• _Data excerpt_
= = = =
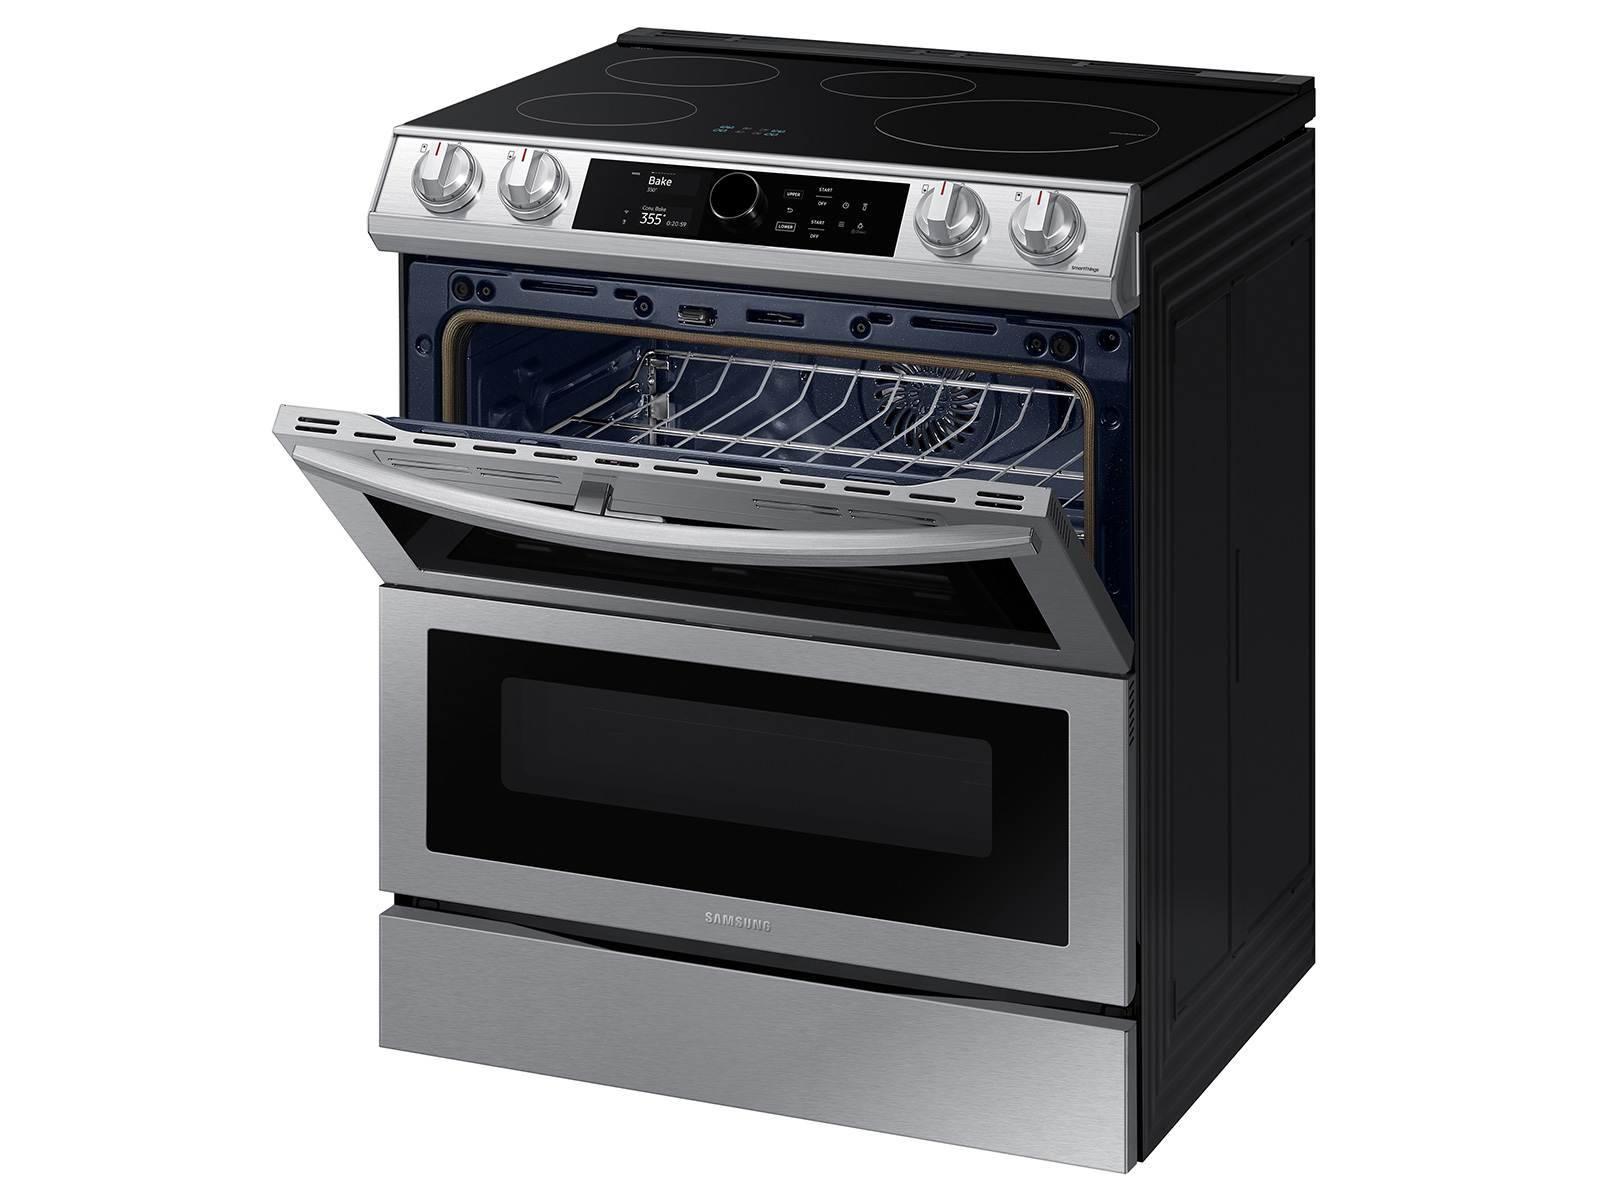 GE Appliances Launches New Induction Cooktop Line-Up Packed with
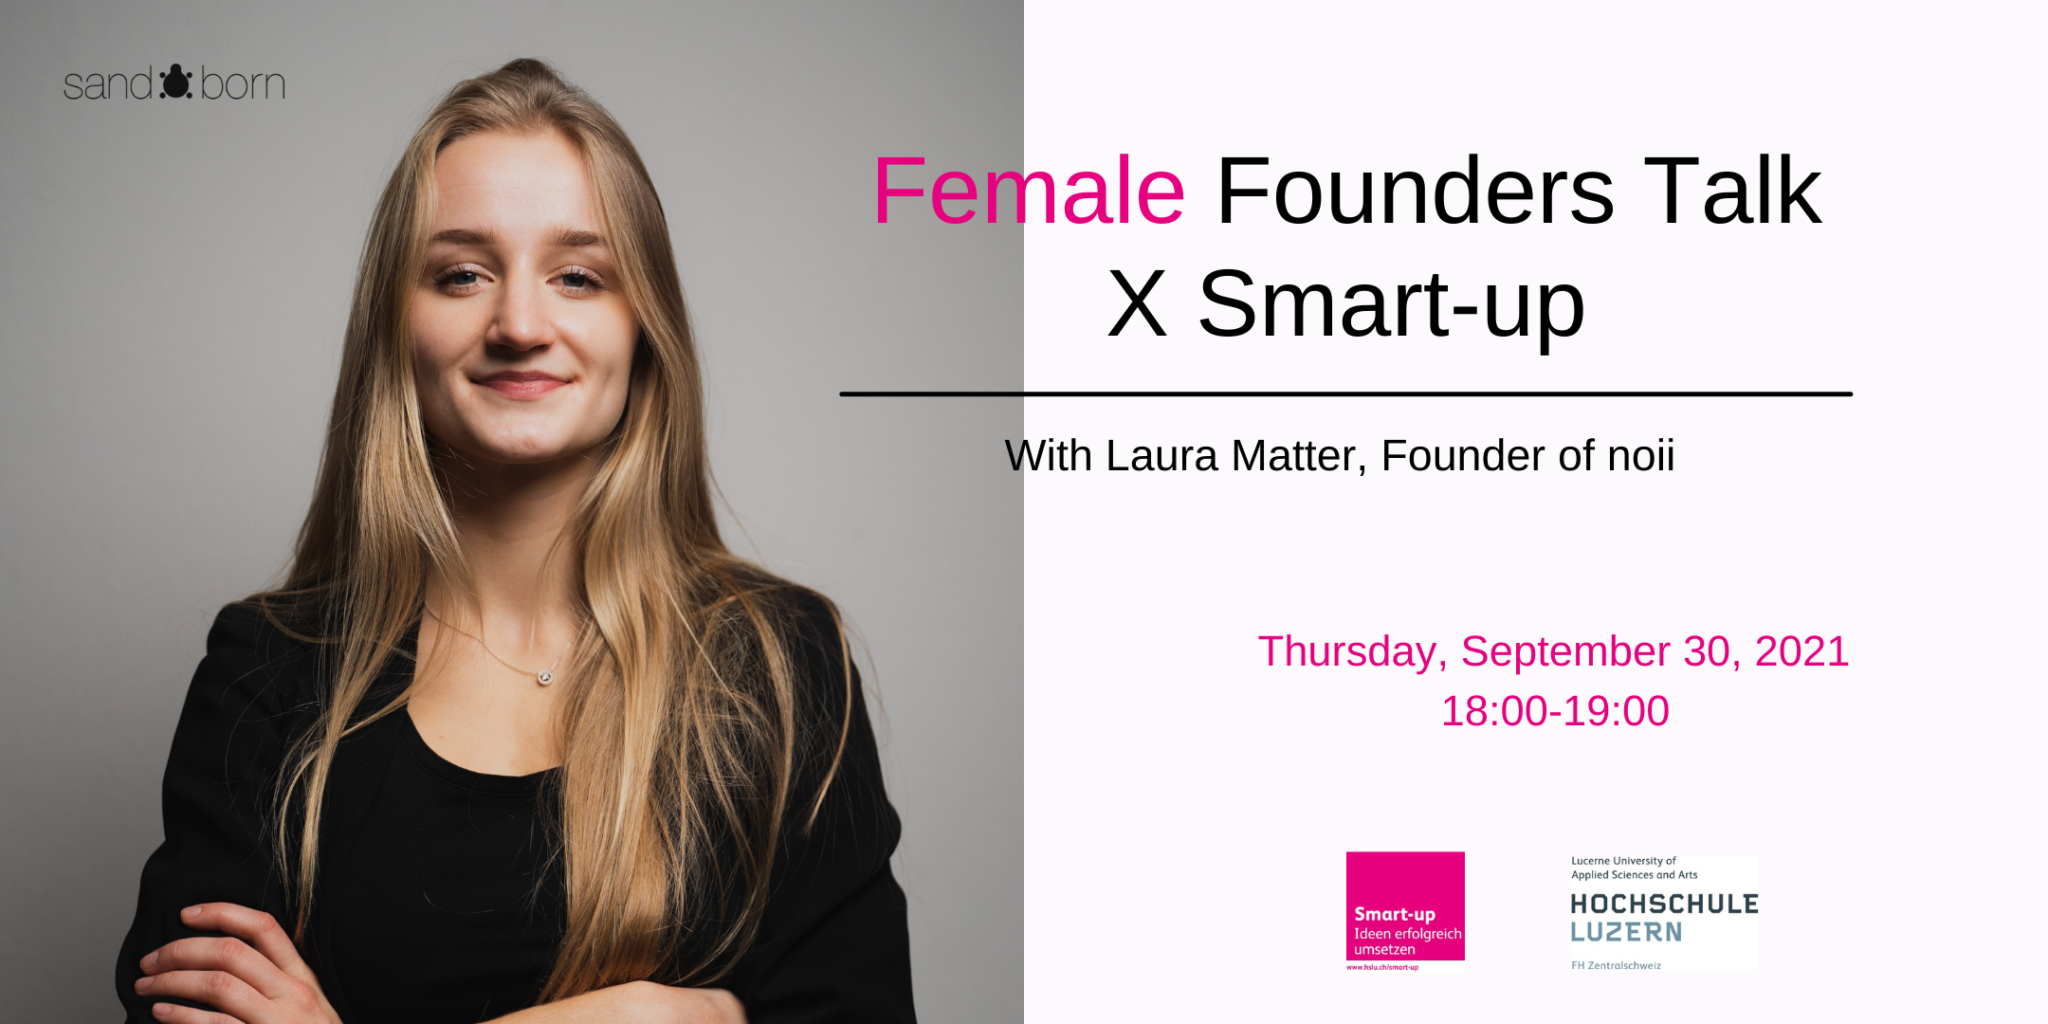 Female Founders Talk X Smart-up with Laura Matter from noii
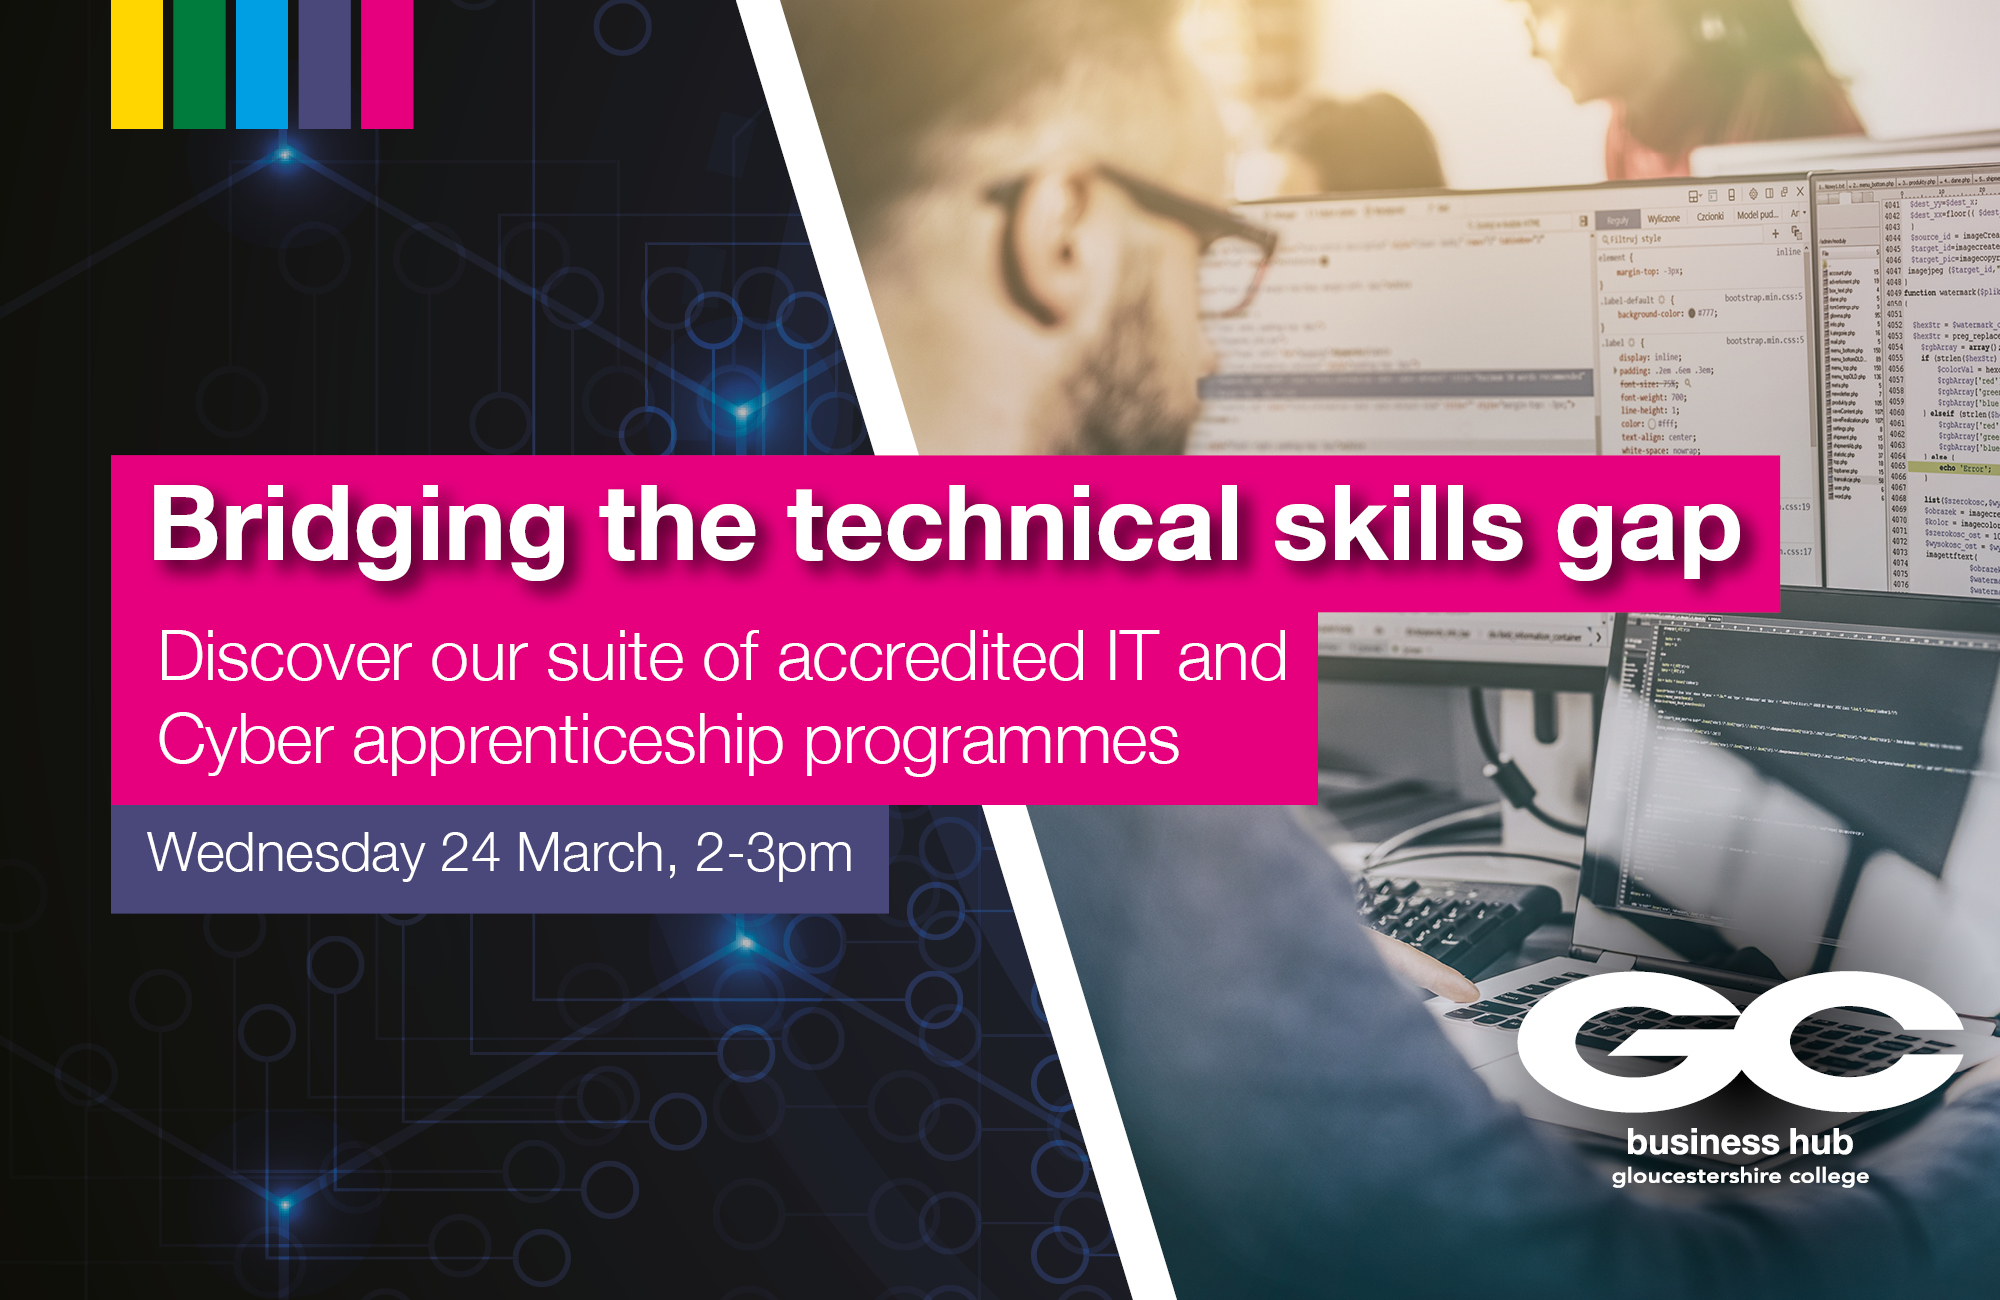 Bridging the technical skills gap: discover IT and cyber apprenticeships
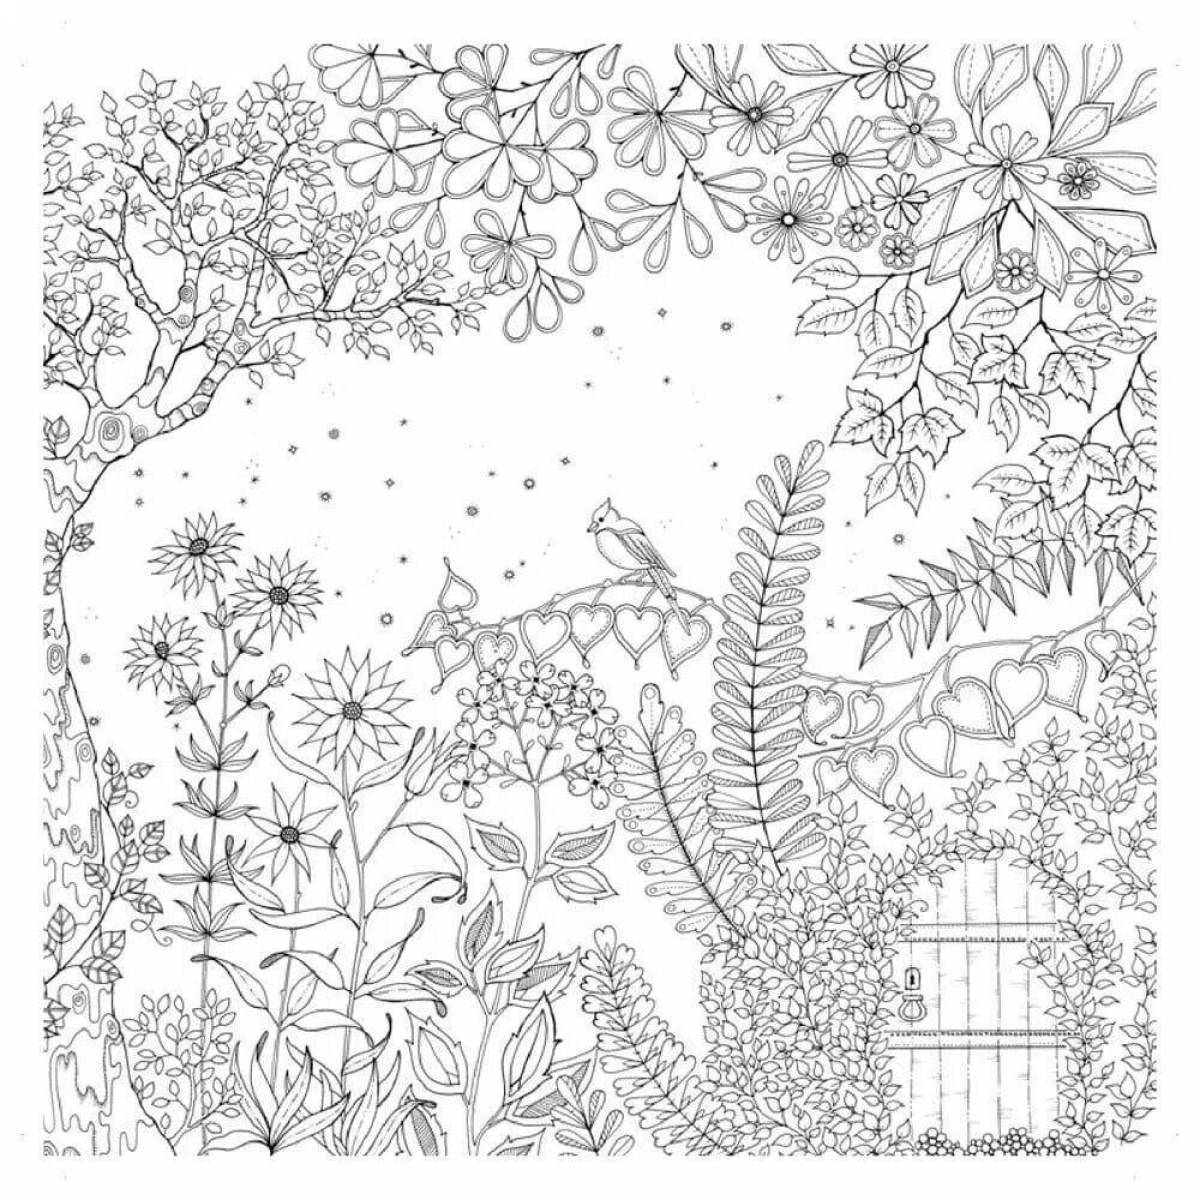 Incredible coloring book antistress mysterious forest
= = = =
• _Task objective_
Could you retype every line above exactly as it appears, skipping the pictures?

• _Result for this exercise_
 GE Appliances Launches New Induction Cooktop Line-Up Packed with
 Female Founders Talk X Smart-up with Laura Matter from noii
 Bridging the technical skills gap: discover IT and cyber apprenticeships
 Incredible coloring book antistress mysterious forest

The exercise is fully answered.